— Exercise input —
▽
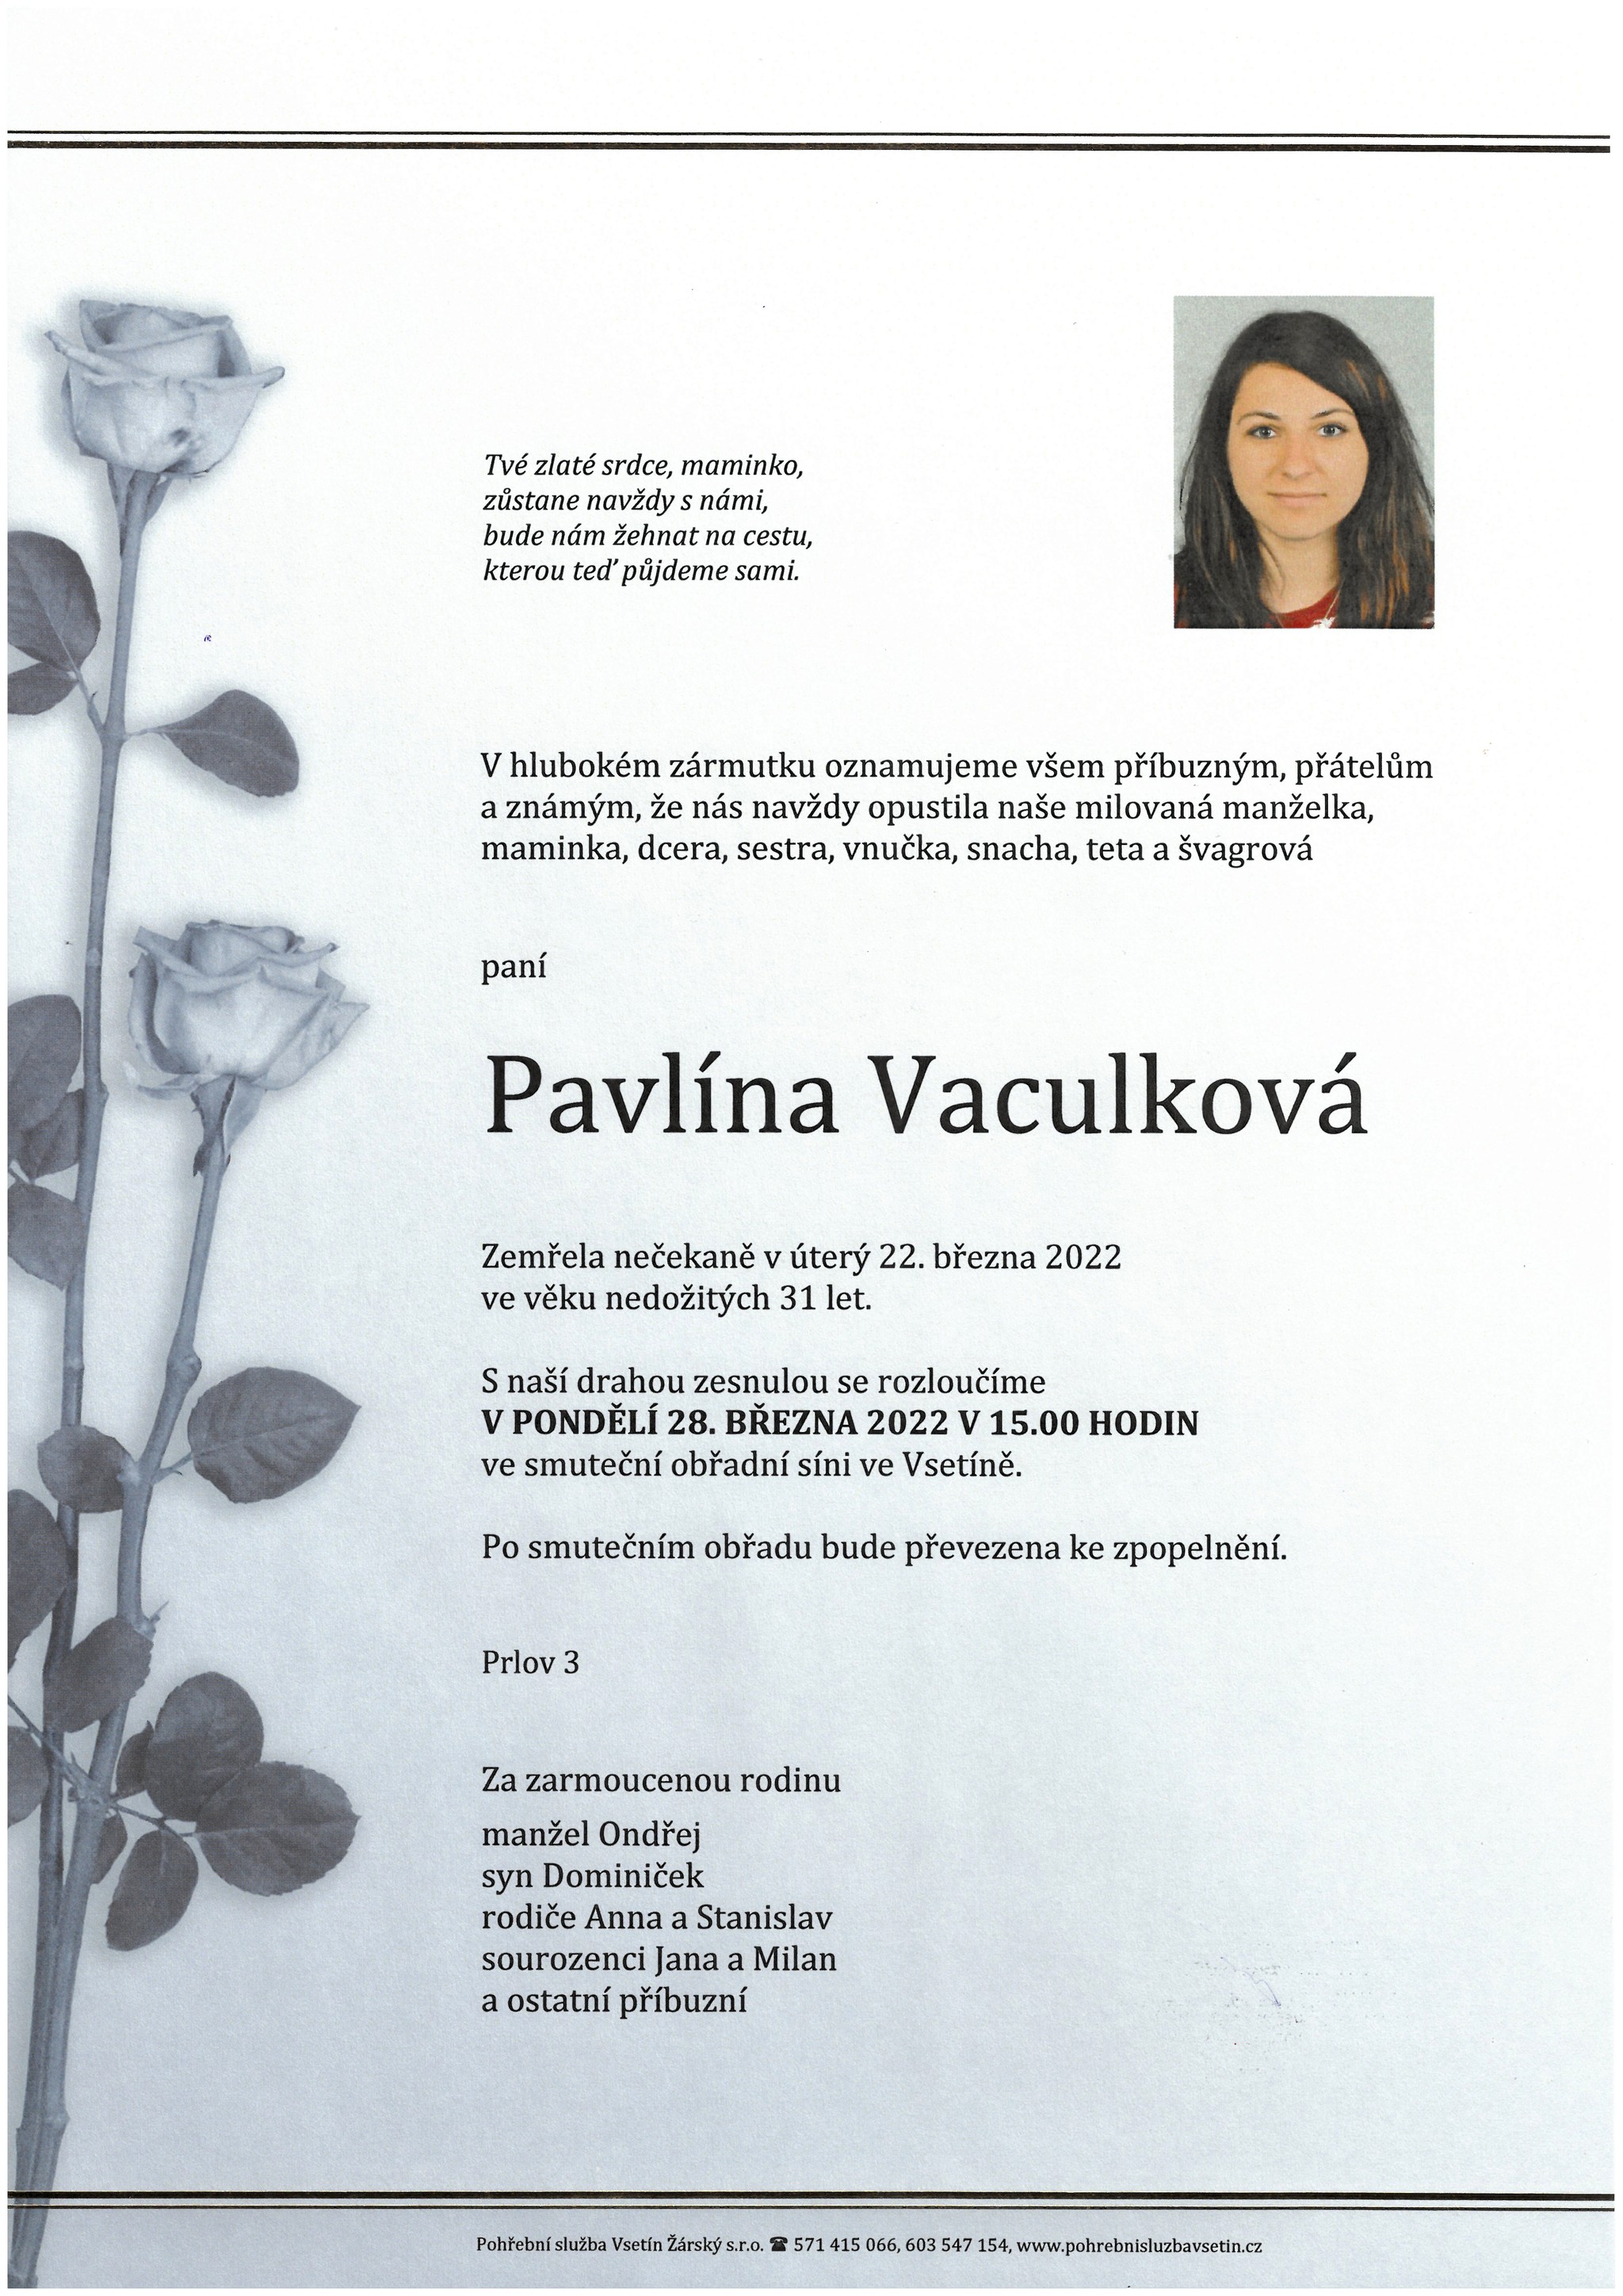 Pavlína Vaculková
△
▽
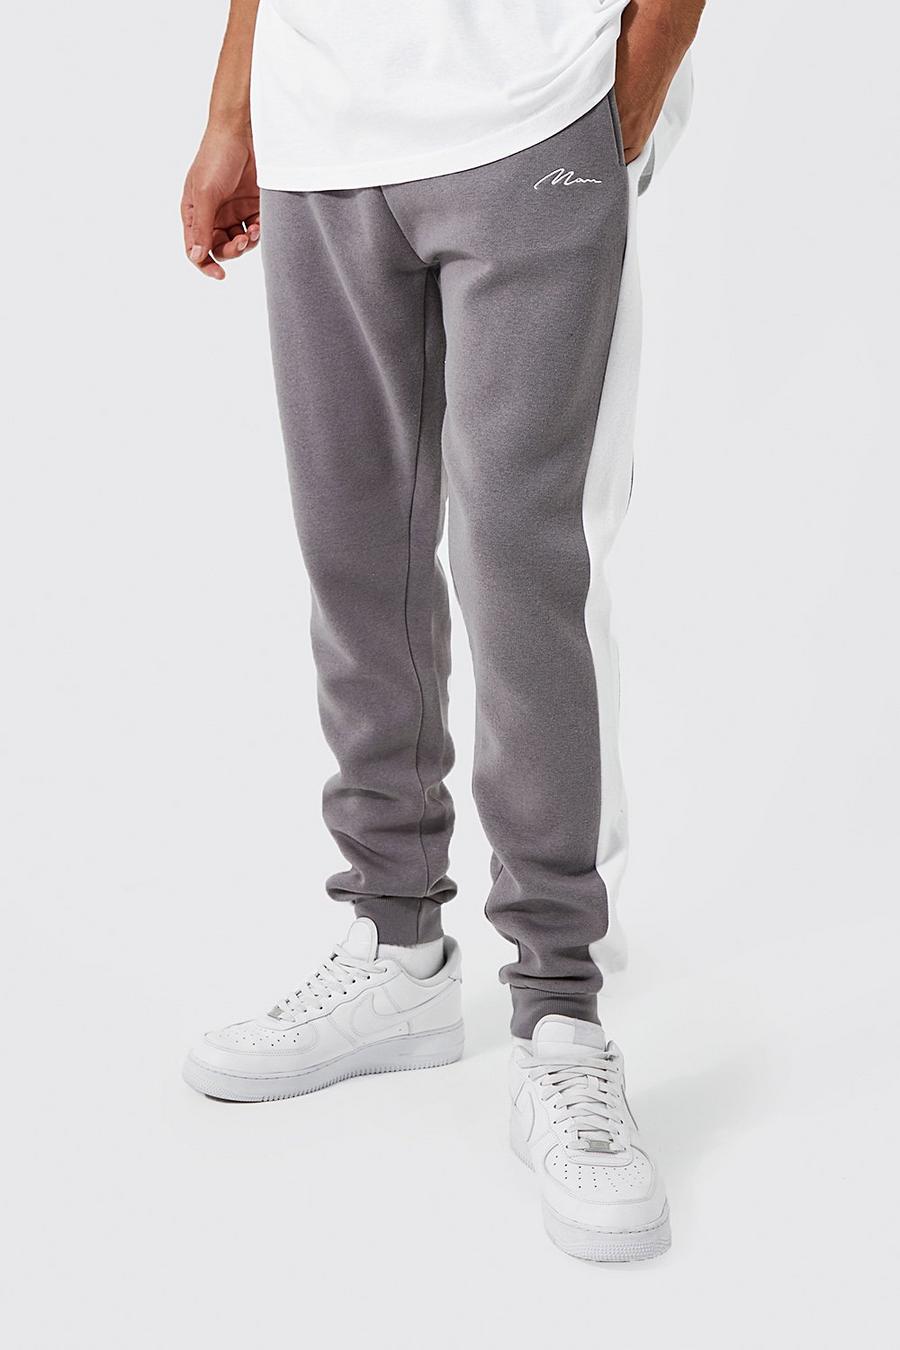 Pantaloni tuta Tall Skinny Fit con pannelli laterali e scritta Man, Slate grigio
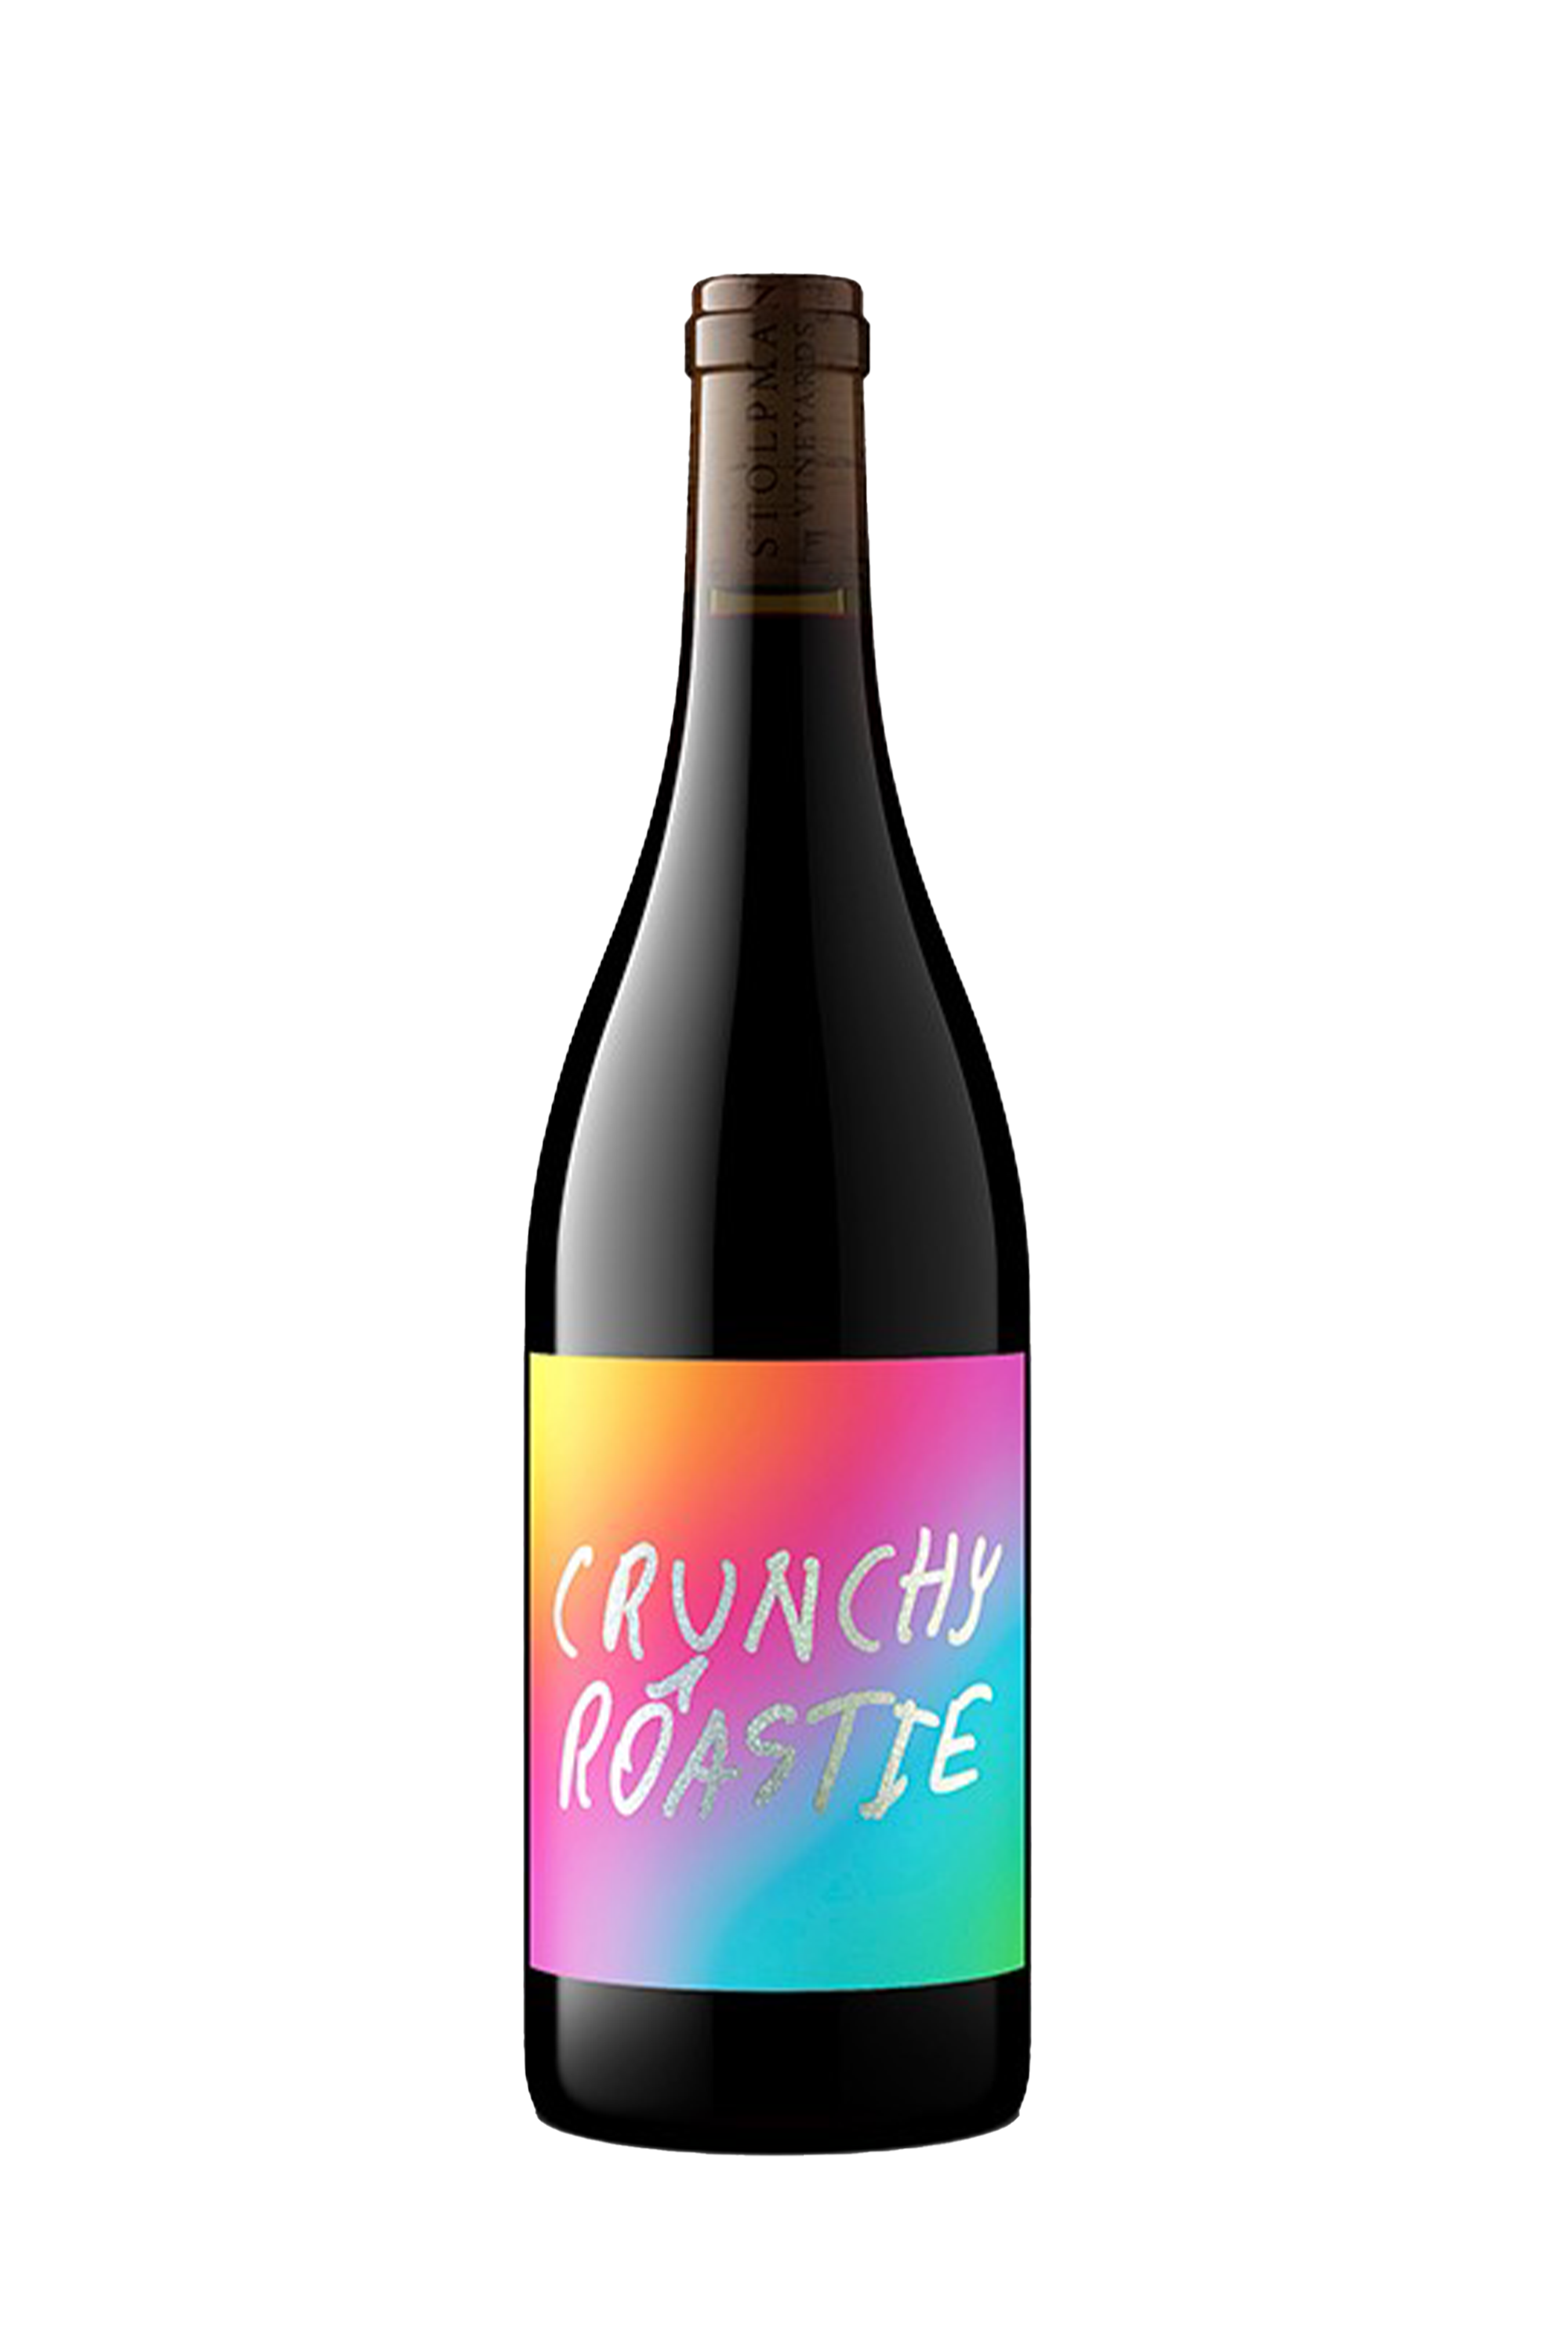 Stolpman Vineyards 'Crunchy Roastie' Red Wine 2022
△
— Activity —
What you return from the records above should be exactly everything from the line with "Pantaloni tuta Tall" down to the line with "Stolpman Vineyards 'Crunchy", both kept, and no pictures.

— Your solution —
 Pantaloni tuta Tall Skinny Fit con pannelli laterali e scritta Man, Slate grigio
 Stolpman Vineyards 'Crunchy Roastie' Red Wine 2022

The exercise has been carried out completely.